Representational image. Source: Wikimedia Commons
The government wanted demonetisation to combat three problems. None of them seem to have been solved.
A letter sent by the Government of India to the Reserve Bank of India (RBI) on 7 November, 2016 stated: “To mitigate the triple problems of counterfeiting, terrorist financing and black money, the Central Board of the Reserve Bank may consider withdrawal of the legal tender status of the notes in high denominations of Rs 500 and Rs 1,000”.
The RBI readily obliged and thus was born the demonetisation of 2016, a misnomer in the strictest sense of the term. The RBI has presented the answer sheet to the demonetisation exercise in its ‘Currency Management’ chapter of its annual report. Let us analyse and grade the RBI’s answer sheet to each of the “triple problems” as posited by the Government of India.
The purported logic of suddenly demonetising high value currency to mitigate black money was that the hoarders of illicit wealth would be caught unawares and will be forced to destroy their illegitimate wealth to escape scrutiny. The RBI has told us in its annual report that nothing of this sort happened.
Less than 1 percent of the accumulated wealth in currency notes of Rs 500 and Rs 1000 were destroyed. Either the amount of illicit wealth held in high value currency notes was vastly over estimated by the government or the system was deceived to legitimise the illegitimate wealth. Either way, the mission failed.
It is popularly argued that now all this wealth is in bank accounts, it can be subjected to income tax scrutiny to determine legitimacy, which would not have been possible otherwise.

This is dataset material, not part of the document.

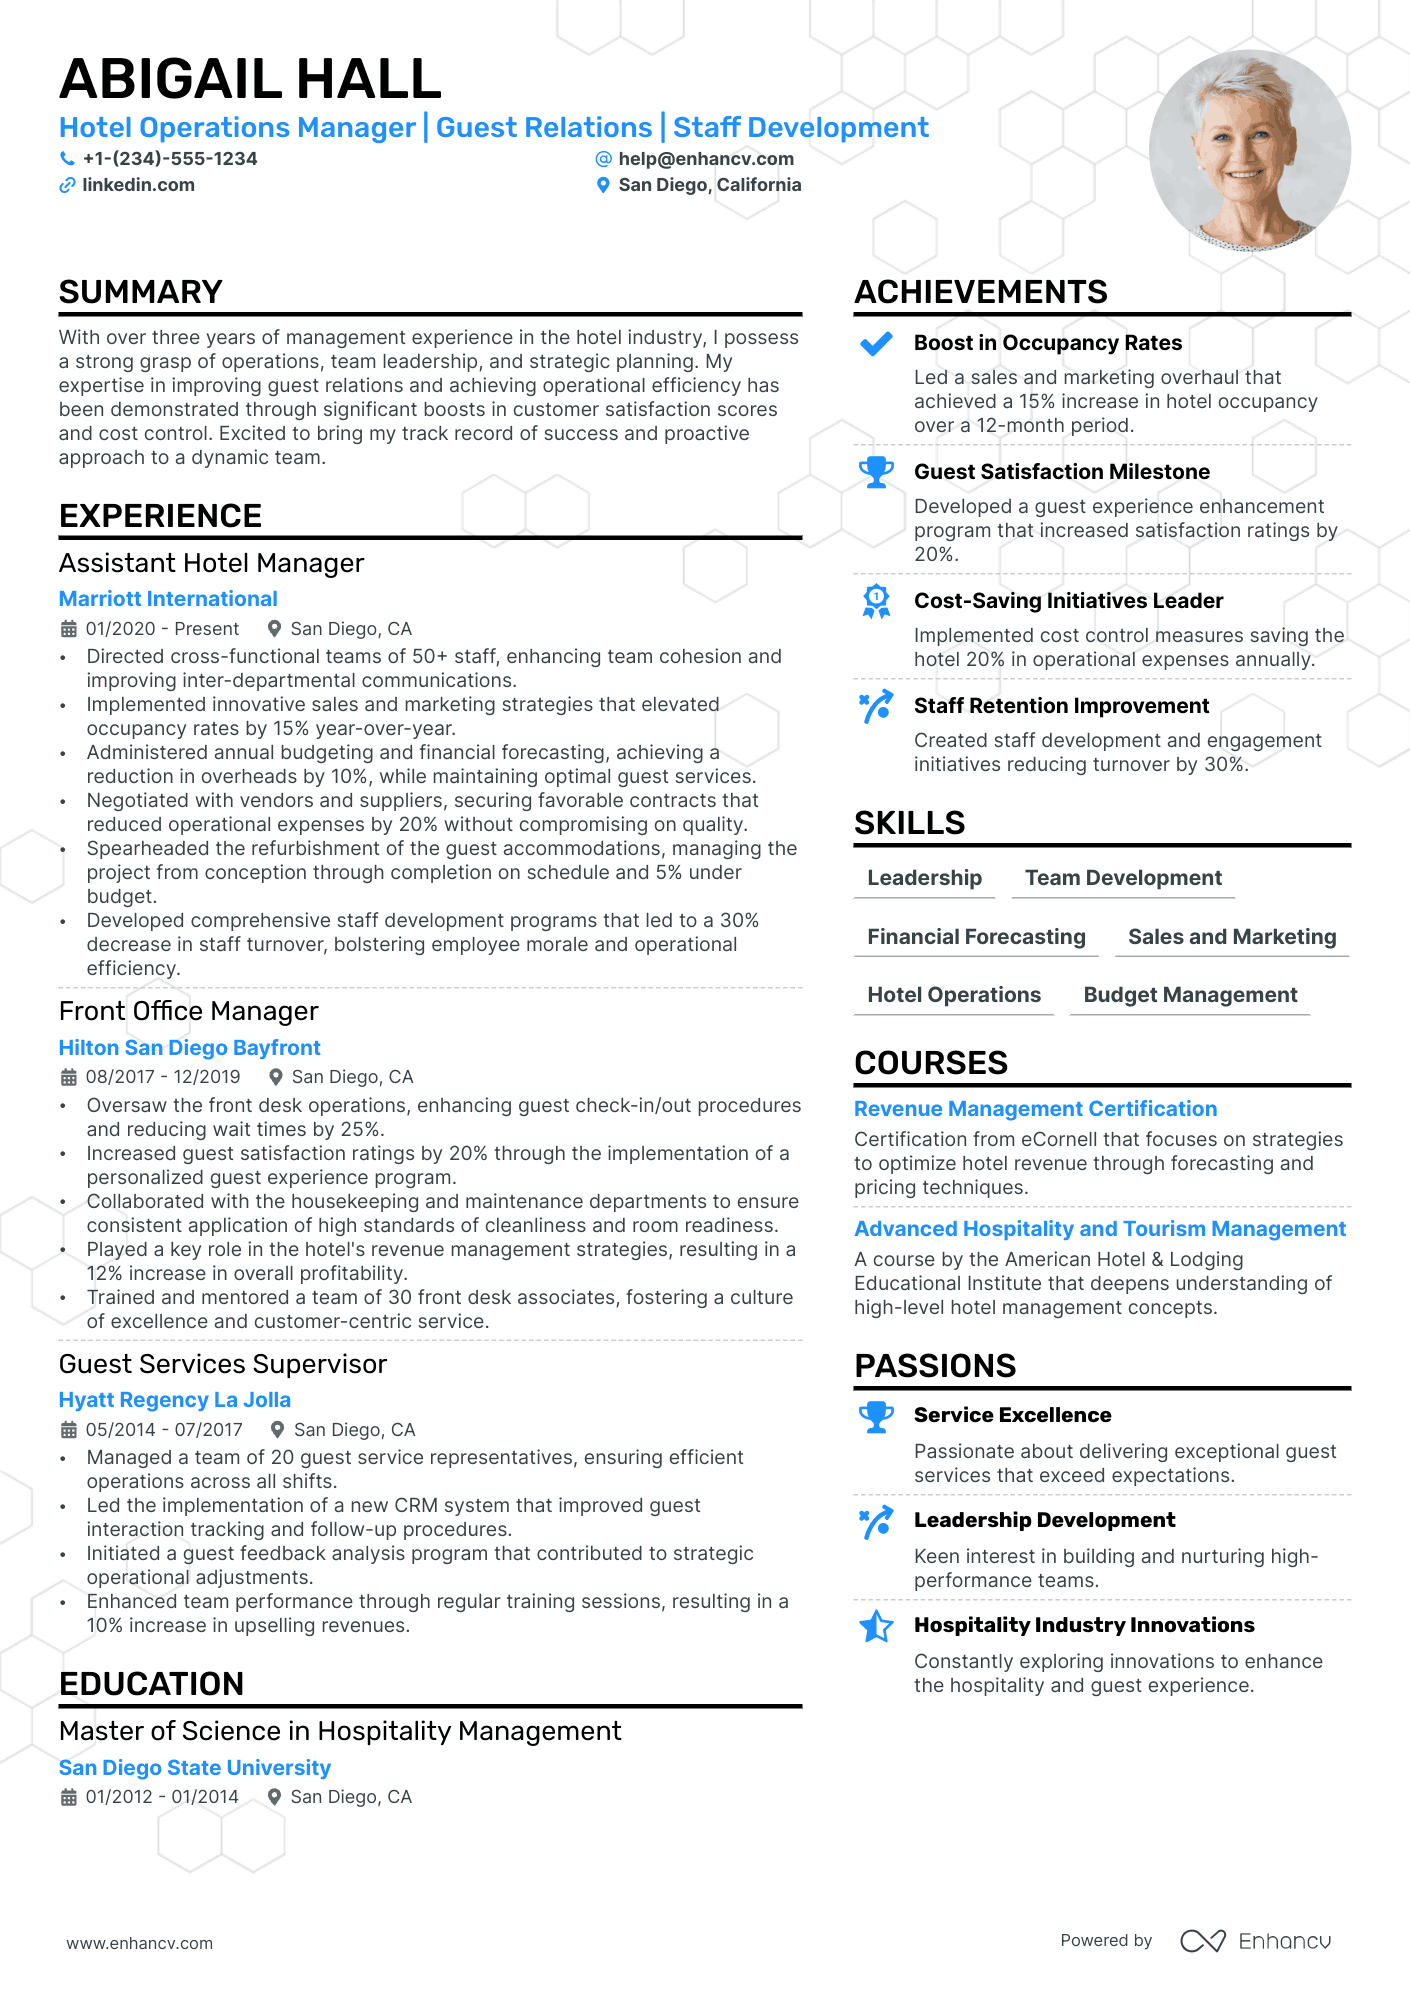 Hotel Operations Manager resume example

This argument is utterly illogical and is akin to arguing that every car owner must surrender his car so that the government can determine who got their cars through theft and who bought it legitimately. To catch car thieves, one needs to go after all thieves, not all car owners. For the objective of using demonetisation to extinguish black money held in cash, the RBI gets an F grade, i.e. fail.
With regards to counterfeit currency, at first glance it appears that there has been a 21 percent increase in counterfeit currency detected in FY’17 vs FY’16, which can be construed as a success. But that is misleading because the total amount of counterfeit currency as a share of overall currency is so miniscule that it is not even worth fighting.
After invalidating nearly 90 percent of all currency overnight and forcing it to be deposited in banks on an as-is basis, the RBI found that counterfeit was only 0.0008 percent of all currency. There is no better example of the phrase “using a hammer to kill a fly” than justifying demonetization to counter fake currency.
Fake currency is a universal and an inevitable problem which can only be solved through periodic changes in note design, not by invalidating all currency overnight with all its attendant issues.
What is worse, but not unexpected, is that as per the RBI’s annual report, within three months of the launch of the new Rs 2000 note, there were already 638 fake ones in circulation. This alone should serve as a grim reminder to those justifying demonetization to combat fake currency. An F grade for this too.
Has demonetization reduced terrorist financing? It is impossible to measure this except to check if there has been a reduction in terror-related incidents post demonetisation. This is not a perfect proxy but a reasonable one. Data from the Global Terrorism database and South Asia Terrorism portal says there is no evidence that there has been a sudden and structural decline in terrorist incidents in India post-demonetisation. Demonetisation has also failed this objective.
All the objectives for the demonetisation exercise as elucidated by the government are perfectly valid and noble goals to pursue. Except that demonetisation was absolutely the wrong means to achieve those goals. Chapter 8 of RBI’s annual report 2017 should be preserved as an epitome of whimsical and illogical economic policy making in the history of this nation.